I thought it was easy enough to see that $a_1$ is not a integer if $r_1 = 1999$ but now that I look at the proof again I see that I don't have any convincing argument to prove that $\left| \dfrac{1}{r_1} + \dfrac{1}{r_2} + \cdots + \dfrac1{r_n}\right|$ is not a integer.
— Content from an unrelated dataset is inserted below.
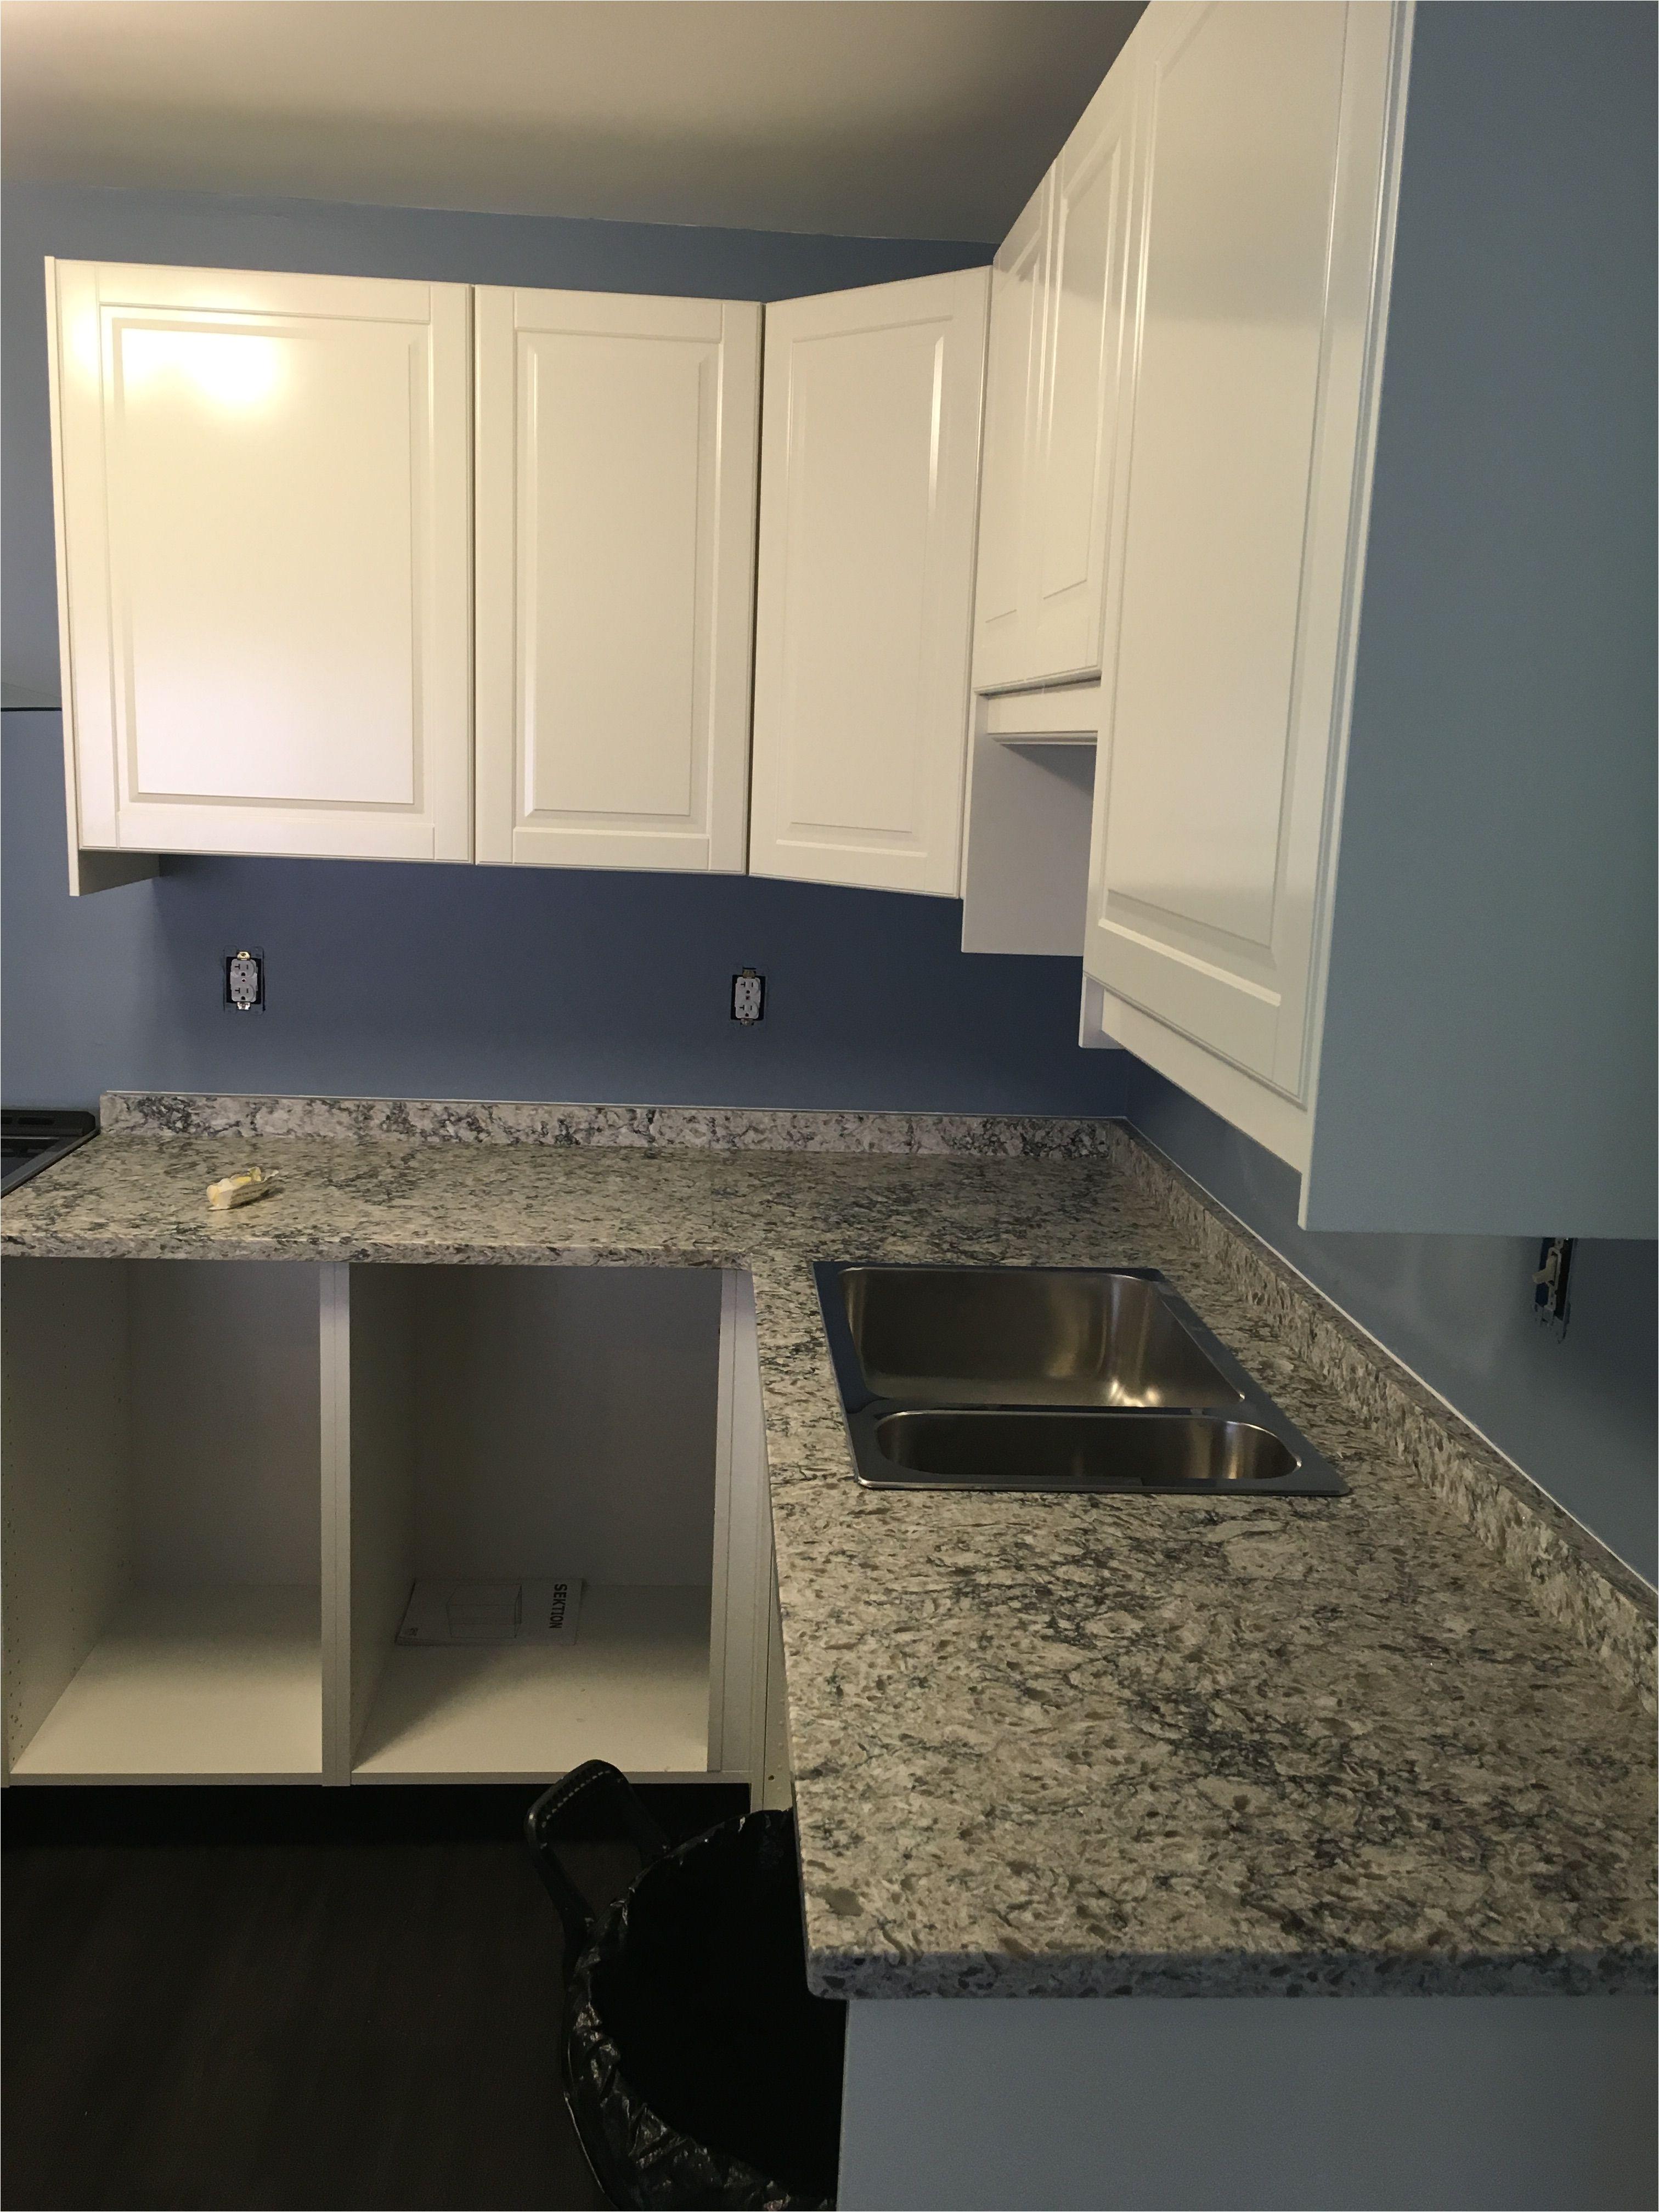 Fridge Stove Sink Combo Ikea Ikea Bodbyn Off White Cabinets with Himalayan Moon Quartz Kitchen

I think @haruspex have a proof that 1999 is not root.

 

[haruspex]

I think @haruspex have a proof that 1999 is not root

Like you, I thought I did, but it didn't pan out. I could show (if 1999 is a root) that a₁=-1 and that 1999 must divide a₂ exactly once more than it divides a₃. After that it petered out.
An interesting corollary of Dick's observation is that if a polynomial has integer coefficients then the gradient between two integer values of x is also an integer.

can you help me with proving 1999 is not a root of the polynomial

Haven't you proved that in post #28?

 

[timetraveller123]

yup that happened to me too at first before i posted here happens to every one but thanks a lot
@haruspex
how did you show if r₁ is 1999 then a₁ = -1 please tell me
@Dick
what i want to know how did you just pull out such a thing like how did you notice about the formula you said that's what i want to know that's why i asked if it is a standard thing and it is astonishing to me that you randomly thought of that please tell me thanks every one

 

[Dick]

yup that happened to me too at first before i posted here happens to every one but thanks a lot
@haruspex
how did you show if r₁ is 1999 then a₁ = -1 please tell me
@Dick
what i want to know how did you just pull out such a thing like how did you notice about the formula you said that's what i want to know that's why i asked if it is a standard thing and it is astonishing to me that you randomly thought of that please tell me thanks every one

Well, it wasn't exactly 'random'. I thought if there is a root then $f(n)=0$ for some $n$. Ok, so $f(n)-f(0)=f(n)-f(1)=-1999$ and 1999 is prime. Must be something wrong with that. Must be a factor. Then look at the differences and notice things like $n^i-1^i$ have $n-1$ as a factor. That's all. It's not that big a leap if you think along the right lines. Getting stuck trying to get the result using the rational roots theorem appears to be a bit of a trap.